Ela: – E você me perguntou alguma vez?
Ele: – Lá vem você de novo… As poucas coisas que eu achava que estavam certas… Isso também era errado!?
Ela – Evidente, a gente não conversava nunca…
Ele: – Faltou diálogo, é isso? Na hora, ninguém fala nada. Aparece um impasse e as mulheres não reclamam. Depois, dizem que faltou diálogo. As mulheres são de Marte.
Ela: – E vocês são de Saturno!
…Silêncio…
Ele: – E aí, como vai a vida?
Ela: – Nunca estive tão bem. Livre para pensar, ninguém pra me dizer o que devo fazer…
Ele: – E isso é bom?
Ela: – Pense o que quiser, mas quinze anos de jornada são de enlouquecer qualquer uma.
Ele: – Eu nunca fui autor itário!
Ela: – Também nunca foi compreensivo!
Ele: – Jamais dei a entender que era perfeito. Tenho minhas limitações como qualquer mortal..
Ela: – Limitado e omisso como qualquer mortal.
Ele: – Você nunca foi irônica.
Ela: – Isso a gente aprende também.
Ele: – Eu sempre te apoiei.
Ela: – Lógico. Se não me engano foi no segundo mês de casamento que você lavou a única louça da tua vida. Um apoio inestimável…Sinceramente, eu não sei o que faria sem você. Ou você acha que fazer vinte caipirinhas numa tarde para um bando de marmanjos que assistem ao jogo da Copa do Mundo era realmente o meu grande objetivo na vida?
Ele: – Do que você está falando?
Ela: – Ah, não lembra?
Ele: – Ana, eu detesto futebol.
Ela: – Ana!? Esqueceu meu nome também? Alexandre, você ficou louco?

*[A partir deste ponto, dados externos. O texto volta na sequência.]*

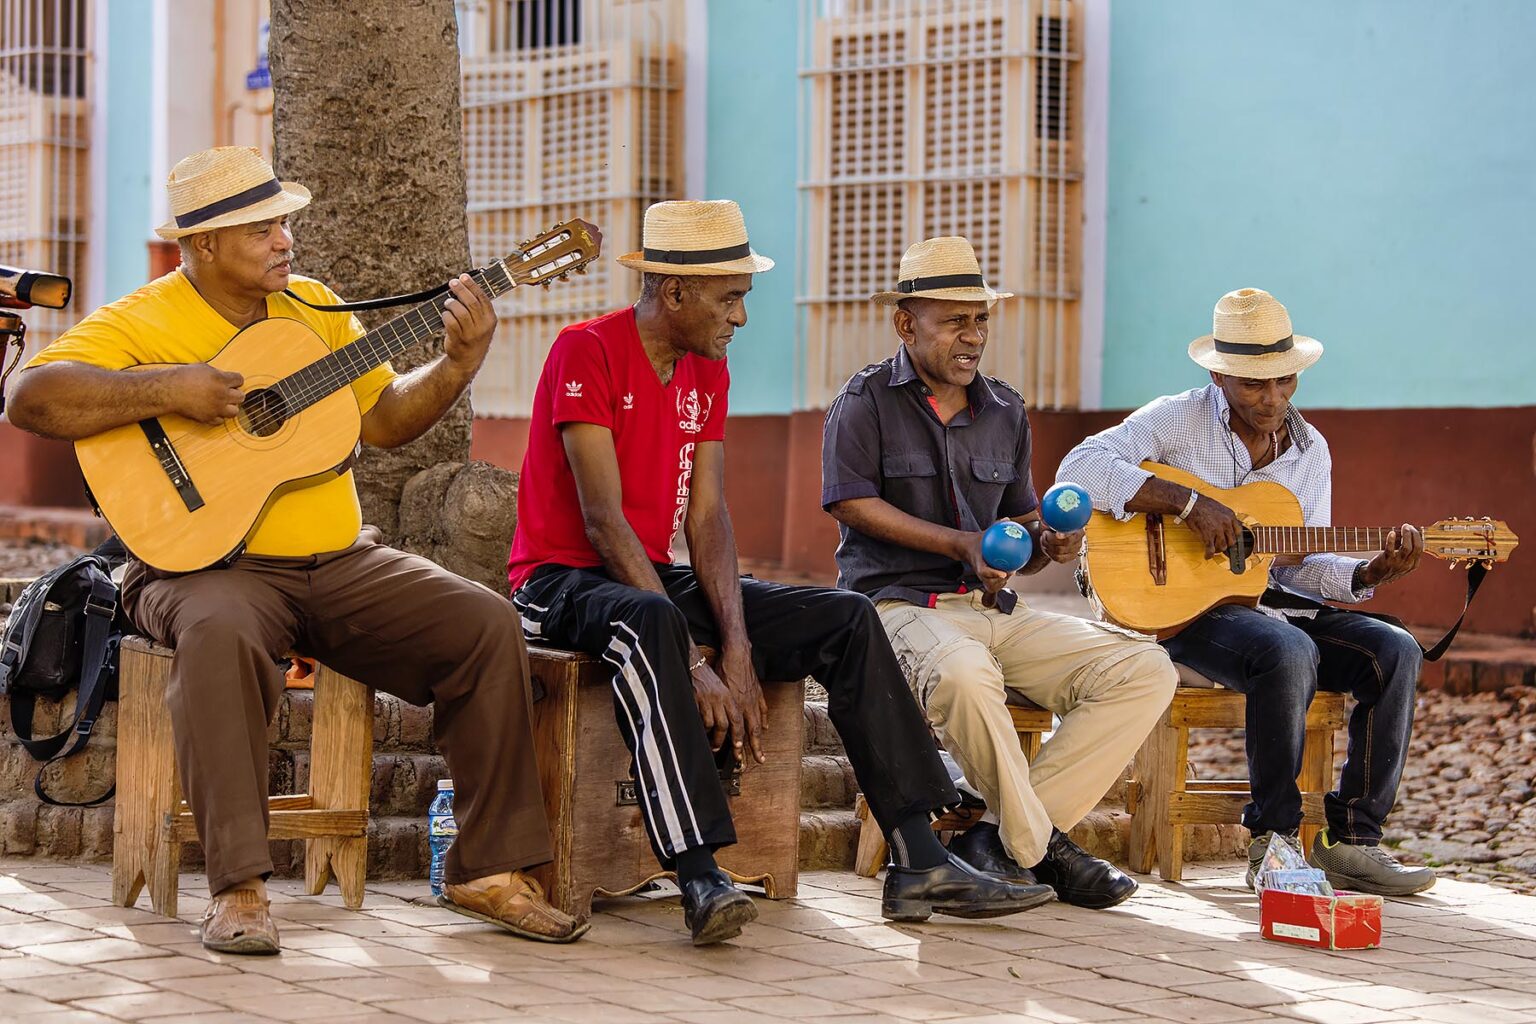 A CUBAN band plays traditional music in a courtyard - TRINIDAD, CUBA

Ele: – Alexandre? Meu nome é Ronaldo!
…Silêncio…
Ele: – De onde está falando?
Ela: – 578 9922
Ele: – Não é o 579 9222?
Ela: – Não.
Ele: – Ah, desculpe, foi engano.
Depois de um tempo ambos caem na gargalhada.
Ele: Quer dizer que você faz uma ótima caipirinha, hein?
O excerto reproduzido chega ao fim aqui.